Corporate bookmaker lobby group Responsible Wagering Australia (RWA) said in a statement on Wednesday that the government should take a “balanced approach” and ignore the report’s call for a full advertising ban, describing it as a “step too far”.

CEO Kai Cantwell said the industry had acknowledged the need to reduce advertising volume, but that “blanket bans — even in a phased roll out — are short-sighted, ineffective and are not the answer”.

The committee report also recommends that a single federal minister oversee the sector and that a national regulator be formed to police it, with the Australian Communications and Media Authority (ACMA) to be upgraded from the “narrow” regulatory role it now plays to one of enforcement.

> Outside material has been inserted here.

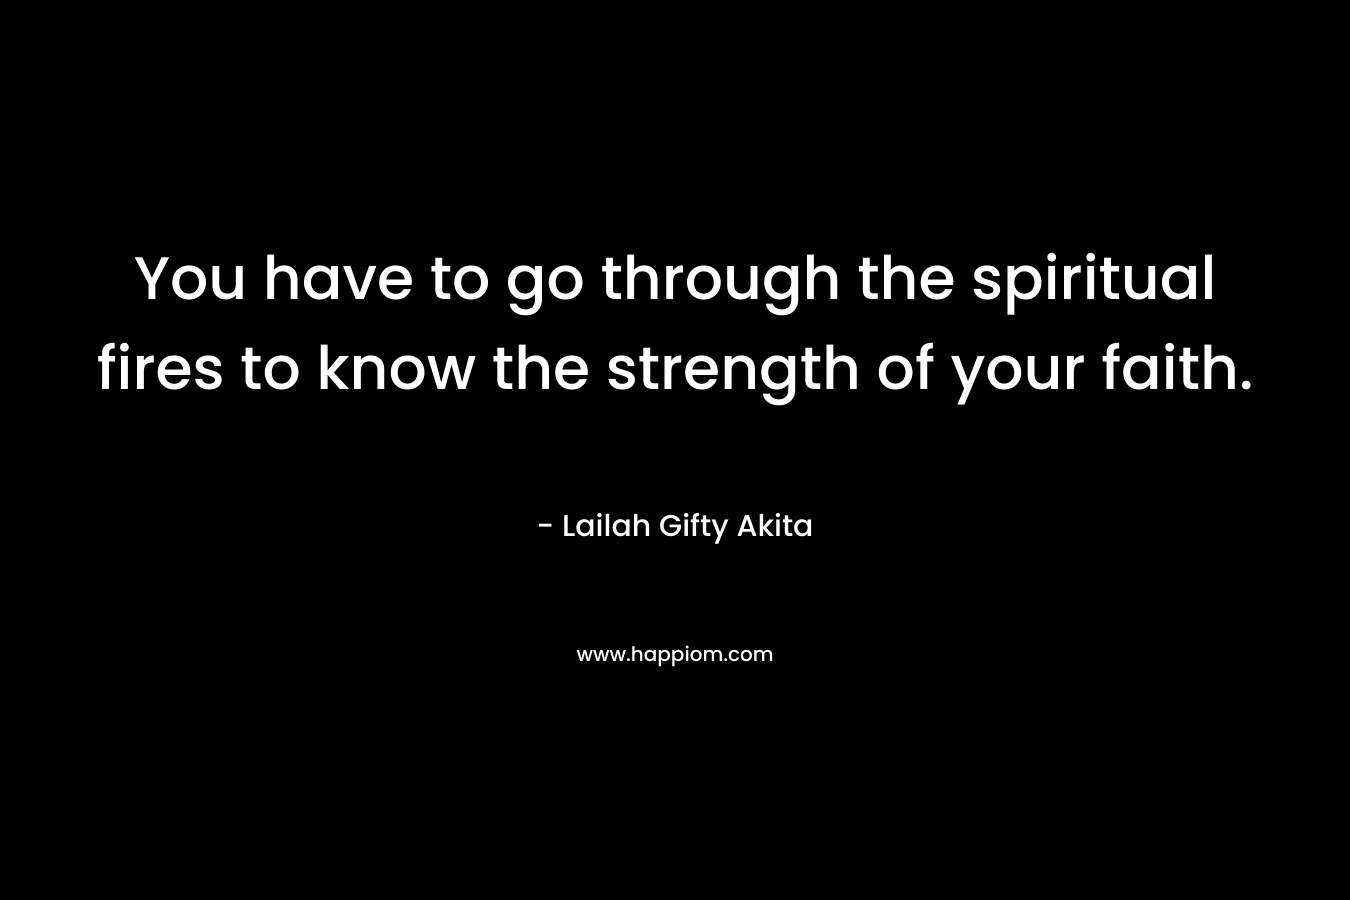 You have to go through the spiritual fires to know the strength of your faith.

The new regulator would have the “sole purpose of reducing harm and [have] responsibility for all licensing and regulation”, it said, notwithstanding potential overlap or conflict with state government regulators.

"There is too much potential for the gambling industry to be involved in the development of gambling regulation and policy in Australia," the report says.

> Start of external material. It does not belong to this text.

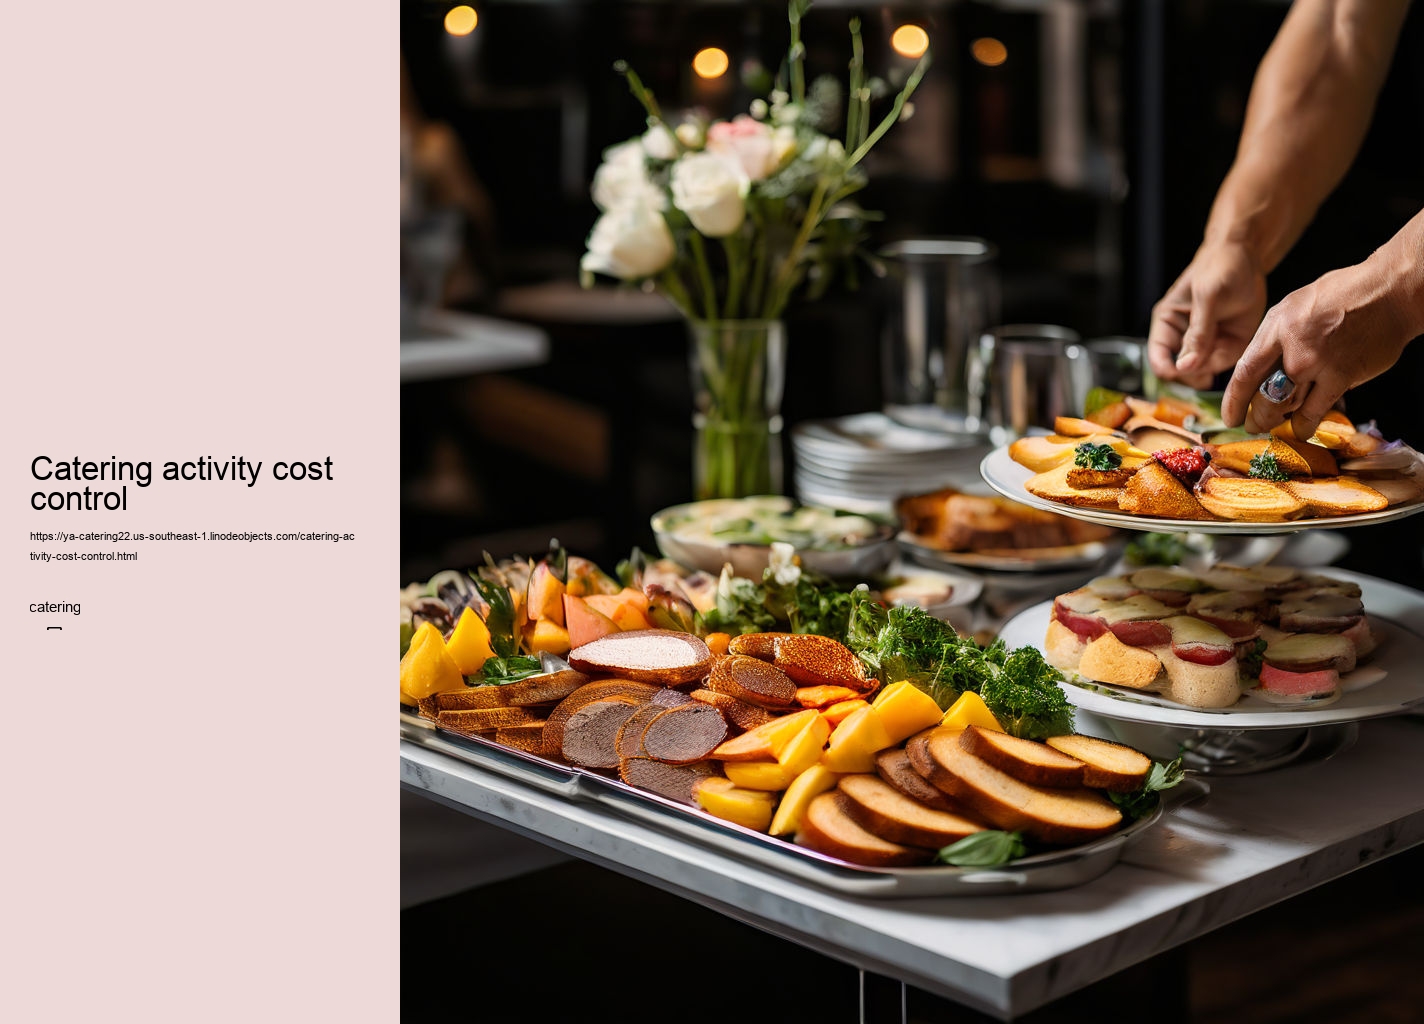 Catering activity cost control

"Australia’s licensed [operators] have been successful in framing the issue of gambling harm around personal responsibility while diminishing industry and government responsibility."

Other possible reforms point to new costs for the online industry in addition to the purging of the advertising space.

Corporate bookmakers would be levied to fund a new set of “national strategy harm introduction measures”, extending from the current National Consumer Protection Framework, as well as funding additional regulatory functions.

The public health measures would include prevention, early intervention and treatment for harmed gamblers, complementing an aggressive new public education campaign on gambling harm and boosting funds for gambling research.

Other recommendations include:

  • Possible minimum bet limits.
  • A ban on all commissions to staff or third parties for customer account referrals.
  • Disclosure of all player data to the regulator and “approved researchers”.
  • A technical strategy to block offshore websites “quickly and more effectively” than the ACMA now provides.
  • A protocol for blocking payment transactions in conjunction with financial service providers, as well as introducing gambling consumer protection standards for those institutions.
  • Tougher sanctions for foreign and domestic individuals and companies that flout Australian law.
  • Making customer duty of care an active legal responsibility.
  • Possible imposition of a “standard behavioural algorithm” on operators to reduce online gambling harm.
  • A national database for gambling harm and suicide.
  • Improved communication with foreign officials on combatting illegal online gambling.

Finally, the report recommends legal clarity for, and tighter regulation of, loot boxes in interactive gaming, including consistent age classification for online products and possible imposition of spending controls and transparent odds data for individual items.

Public and activist anger, the progressive weakening of the Australian gambling lobby’s influence after years of government probes, scandal and disgrace for the land-based sector, and the accelerating prosecution of online gambling advertising breaches at state and federal levels, have left the industry highly vulnerable to the report’s consensus call for reform across the board.

Two bills on gambling advertising have already been tabled by non-government lawmakers, with one backing a complete ban, although these are likely to be superseded by a comprehensive government bill.

The Labor government will consider the report before releasing an in-principle list of responses to the recommendations.